• Work to be completed:
Below are some records. Retype exactly the lines from the one containing "BOOK REVIEW 📖" through the one containing "#Books #BookBlogger #BookTwitter", both included, skipping every picture.

• Data provided:
___

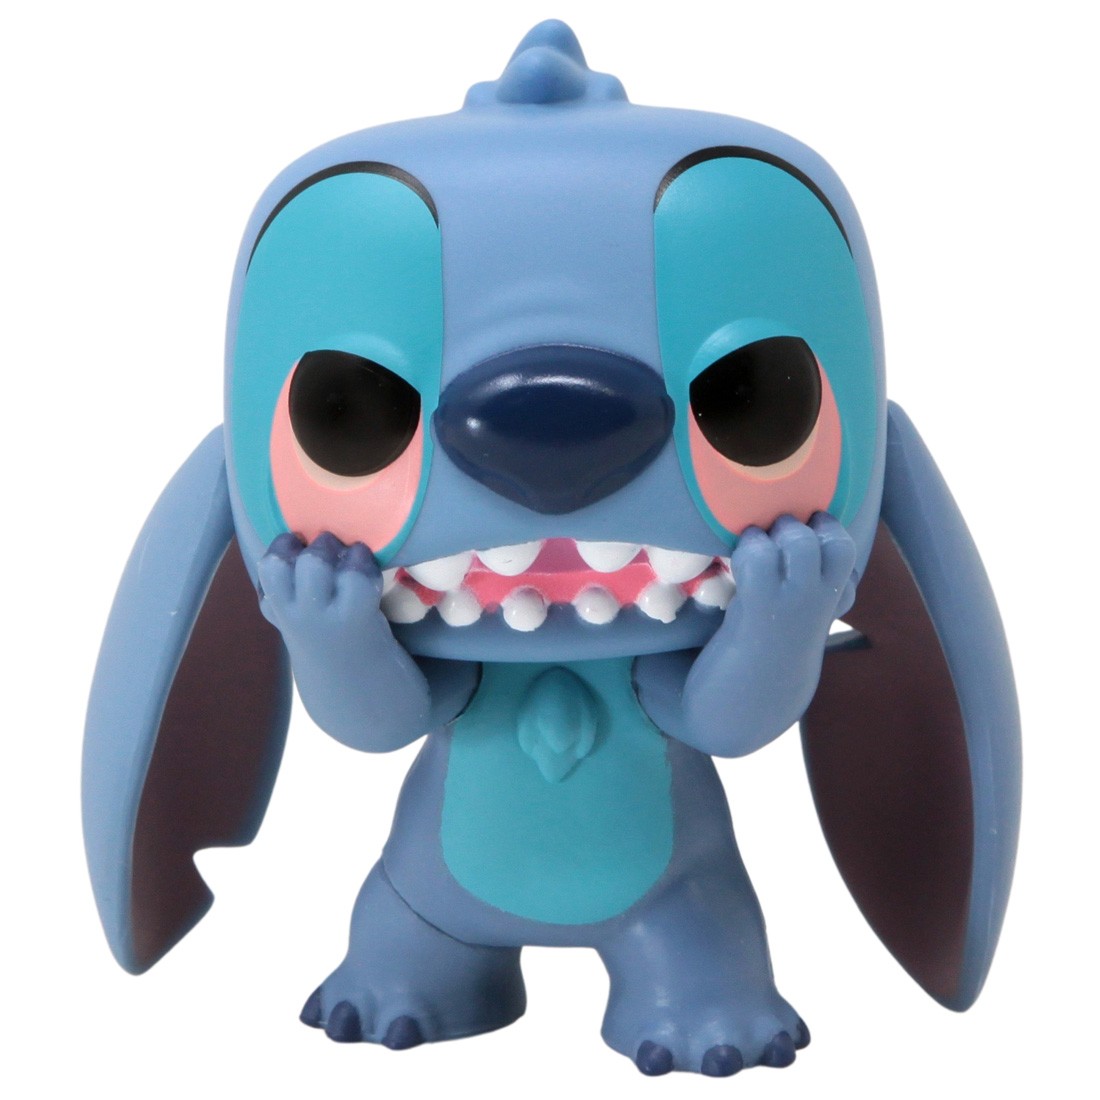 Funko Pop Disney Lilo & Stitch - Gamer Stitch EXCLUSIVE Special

___

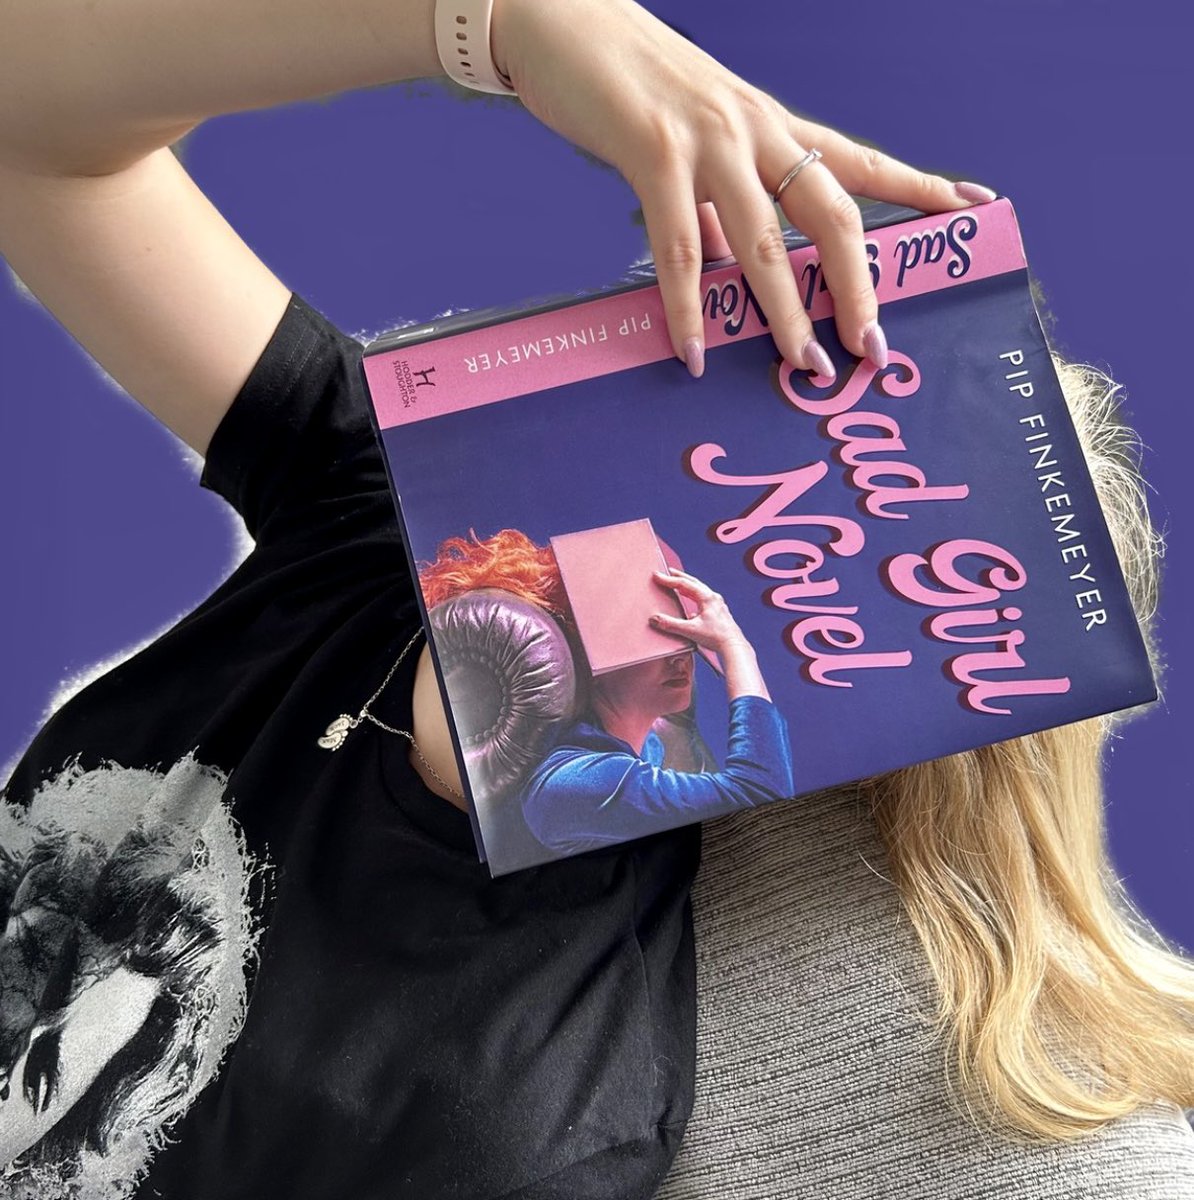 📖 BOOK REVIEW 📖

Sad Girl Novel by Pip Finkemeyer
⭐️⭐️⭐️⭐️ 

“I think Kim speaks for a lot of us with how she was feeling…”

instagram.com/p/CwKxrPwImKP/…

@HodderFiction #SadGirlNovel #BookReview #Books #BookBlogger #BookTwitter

___

• Exercise response:
 📖 BOOK REVIEW 📖

Sad Girl Novel by Pip Finkemeyer
⭐️⭐️⭐️⭐️ 

“I think Kim speaks for a lot of us with how she was feeling…”

instagram.com/p/CwKxrPwImKP/…

@HodderFiction #SadGirlNovel #BookReview #Books #BookBlogger #BookTwitter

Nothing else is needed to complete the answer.